‘Looking at’, ‘Looking up’ or ‘Keeping up with’ People: Motives and Uses of Facebook

In this paper Adam Joinson explores the motivations of people using Facebook and the gratification they gain from such uses. The paper was written in 2008 at a time when Facebook was still relatively new. Most studies at the time had focused on campus-based use of Facebook and had not considered the gratification aspect to Facebook use. Joinson uses a two-part study to better understand the motivations of people using Facebook.

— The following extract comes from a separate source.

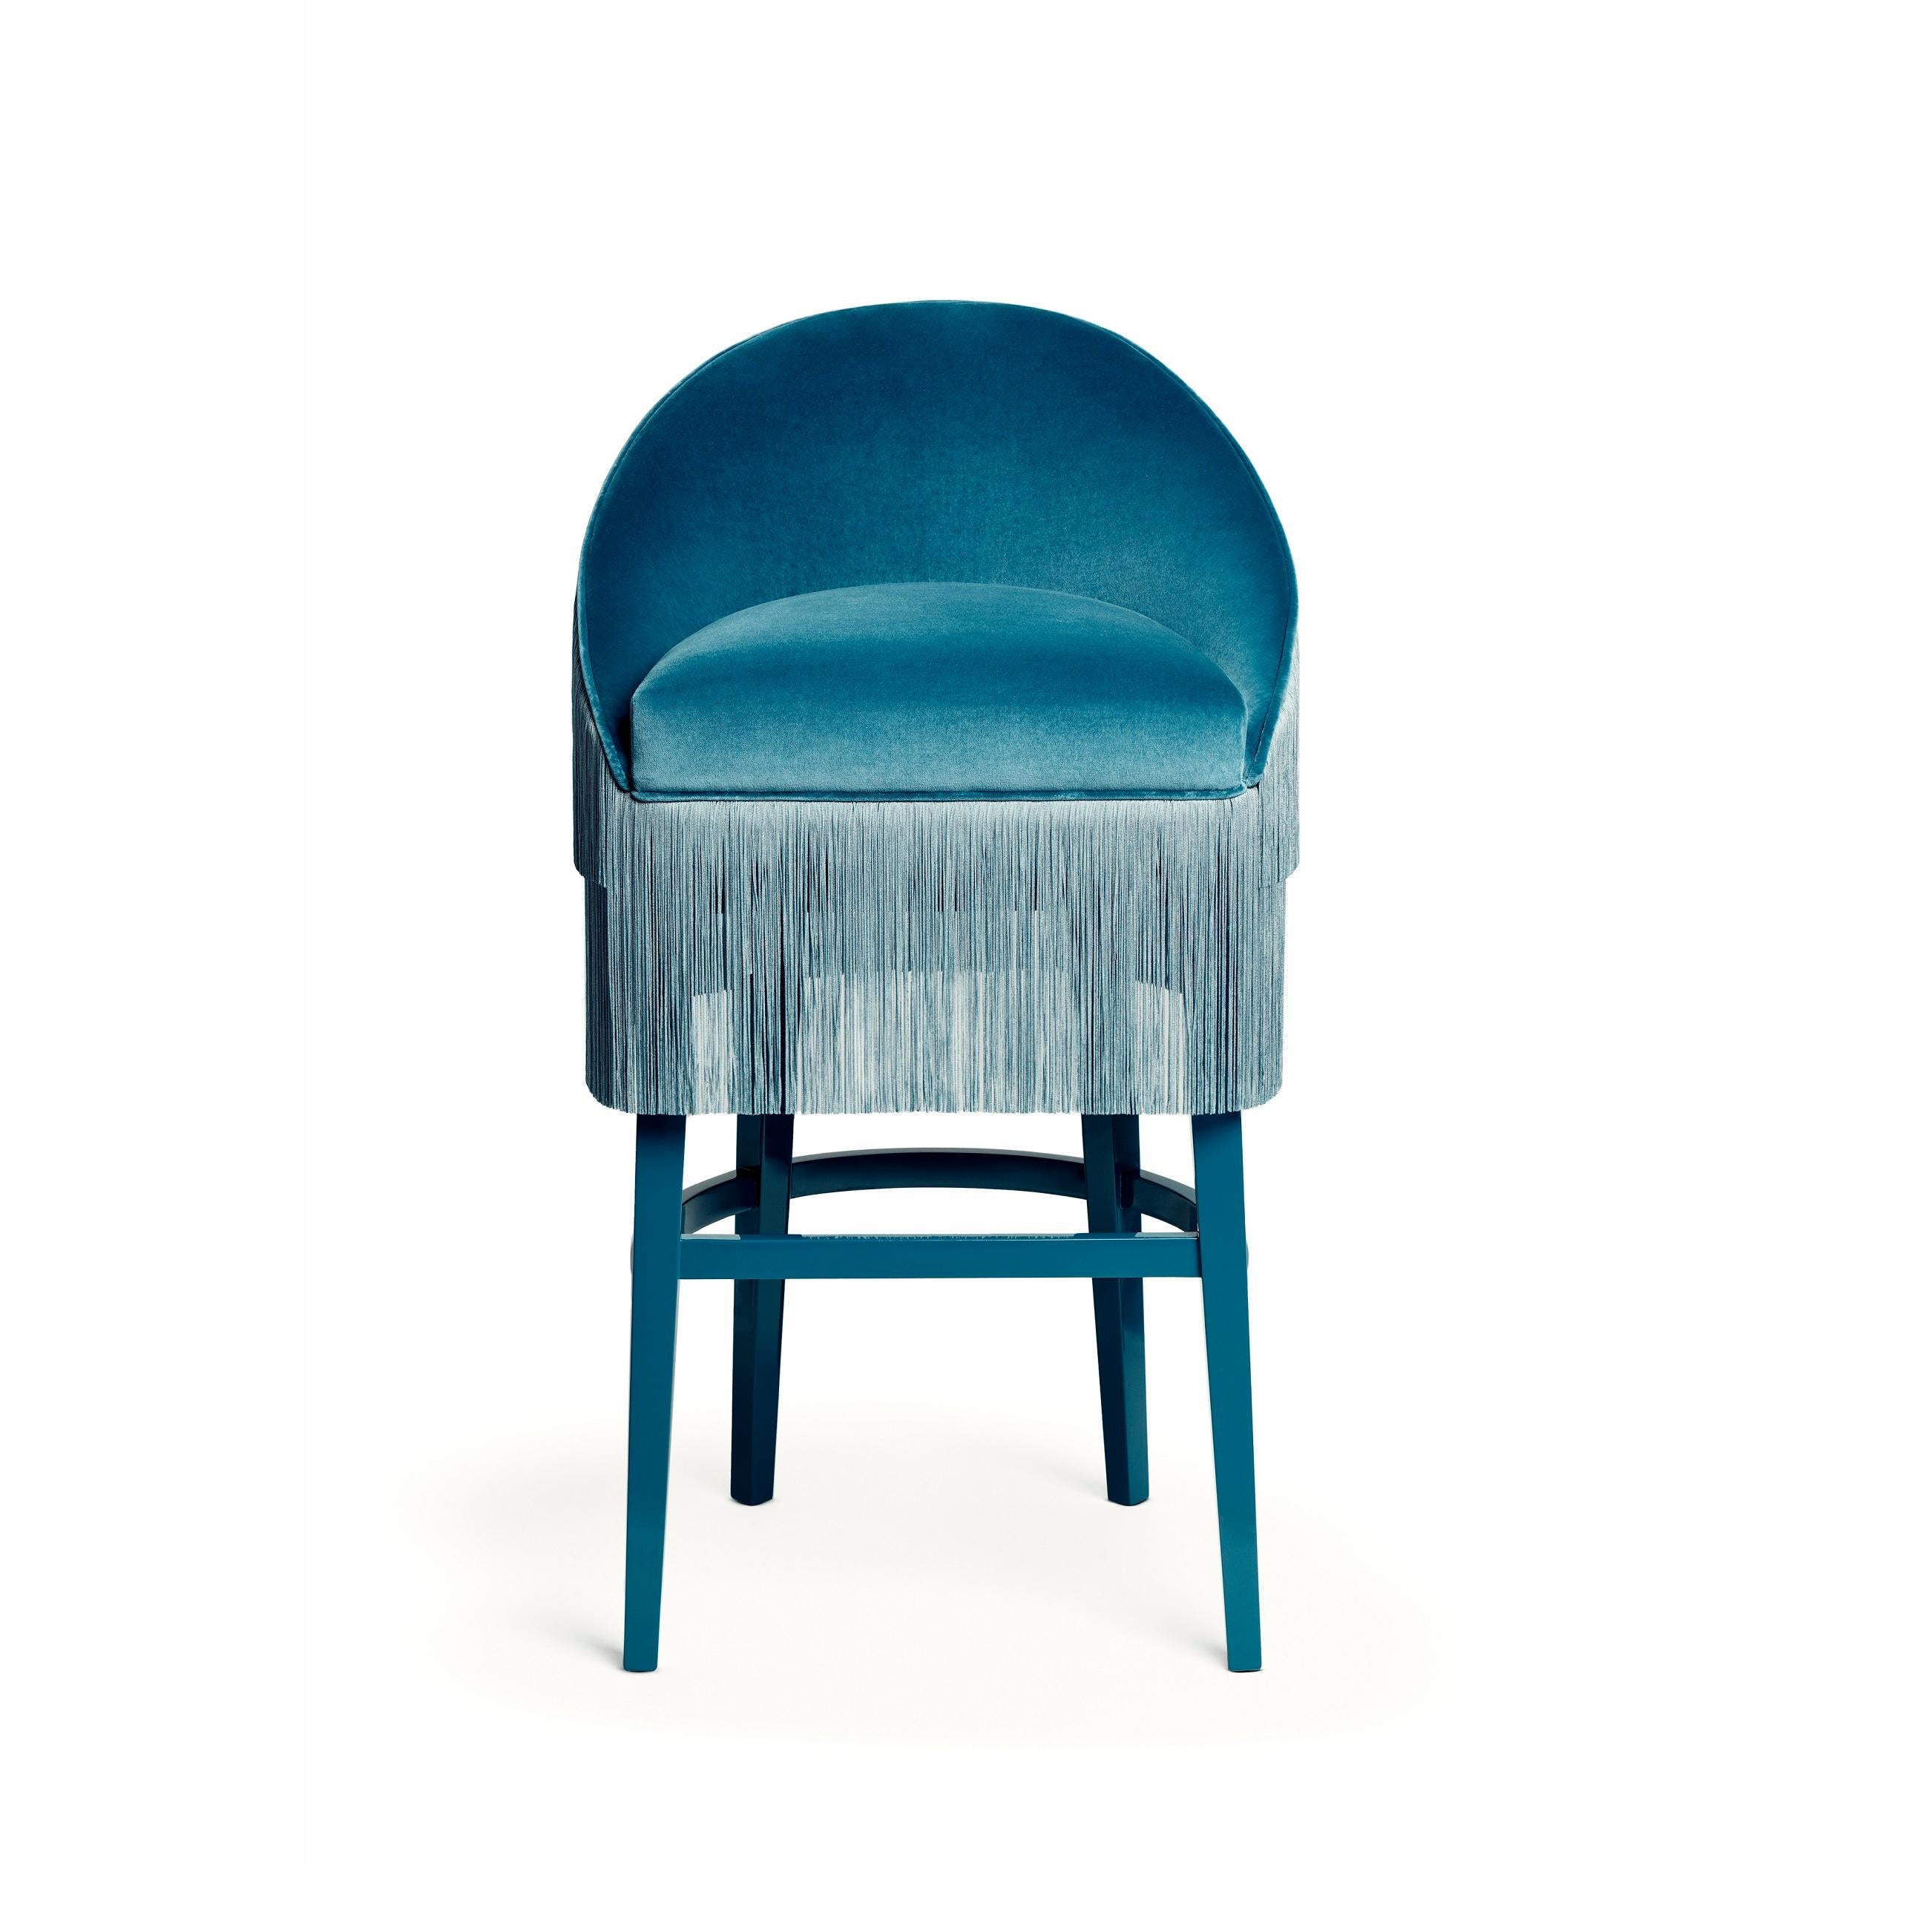 The handmade barstool draws on the signature fashion theme, ruffling the scene and inviting guests with its fun and flirtatious feel. Featuring three layers of fringes that run along the front and reverse of the wide seat, set against a curved

The first part of the study explored the most common uses of Facebook with the majority of people unsurprisingly commenting that they used Facebook to keep in touch with people. The second part of the study employed an empirical measurement tool to explore the uses further linking this to the gratification of users. Joinson found that within keeping in touch with people, there were two aspects: surveillance of old contacts and friends and social capital building by investing in their ties to distant friends. One of the big issues Joinson discusses is the idea of Facebook used a surveillance. The paper evidences that people use open profile pages to ‘social search’ and ‘social browse’ and that users often did not change their privacy settings.

On reading the paper, I found the results relating to the use of Facebook to be a little underwhelming as knowledge that we almost take for granted in 2015, particularly the finding that Facebook is used to keep in touch with people. More recent papers have developed this idea further to show that emotions can be shared via social media [1] and that relationships can be developed through the use of Facebook [2].

What sparked my interest the most was the discussion around privacy settings. In my opinion, there has been a marked change since 2008 as people become more aware of what an ‘open’ Facebook profile actually means from a surveillance point of view. A study by Blasbalg et al. from 2012 [3] which focused on students’ understanding and use of Facebook’s privacy settings show that most people were concerned about privacy and felt they had taken steps to make their profiles more private. From the same year, a study focusing on the wider population showed users were aware of the threat of surveillance from people not on the friends list and had taken steps to mitigate this [4].

With more people becoming aware of the issues surrounding surveillance in todays ‘Big Brother’ society from the government’s surveillance of social media [5], to the study by Kramer [6] where Facebook users’ newsfeeds were manipulated without their knowing. It has prompted more awareness of privacy settings of our social media accounts.

The paper I have chosen this week is ‘Facebook and Privacy: It’s Complicated’ and it builds on the privacy aspects from this paper.

[1] Kramer, A. D. (2012, May). The spread of emotion via Facebook. InProceedings of the SIGCHI Conference on Human Factors in Computing Systems (pp. 767-770). ACM.

[2] Burke, M., & Kraut, R. E. (2014, April). Growing closer on facebook: changes in tie strength through social network site use. In Proceedings of the SIGCHI Conference on Human Factors in Computing Systems (pp. 4187-4196). ACM.

[3] Blasbalg, J., Cooney, R., & Fulton, S. (2012). Defining and exposing privacy issues with social media. Journal of Computing Sciences in Colleges, 28(2), 6-14.

[4] Johnson, M., Egelman, S., & Bellovin, S. M. (2012, July). Facebook and privacy: it’s complicated. In Proceedings of the eighth symposium on usable privacy and security (p. 9). ACM.

[5] Damon, A. (2013, May 9). Domestic Spying and Social Media: Google, Facebook “Back Doors” for Government Wiretaps. Retrieved November 2, 2015, from http://www.globalresearch.ca/domestic-spying-and-social-media-google-facebook-back-doors-for-government-wiretaps/5334449

[6] Kramer, A. D., Guillory, J. E., & Hancock, J. T. (2014). Experimental evidence of massive-scale emotional contagion through social networks. Proceedings of the National Academy of Sciences, 111(24), 8788-8790.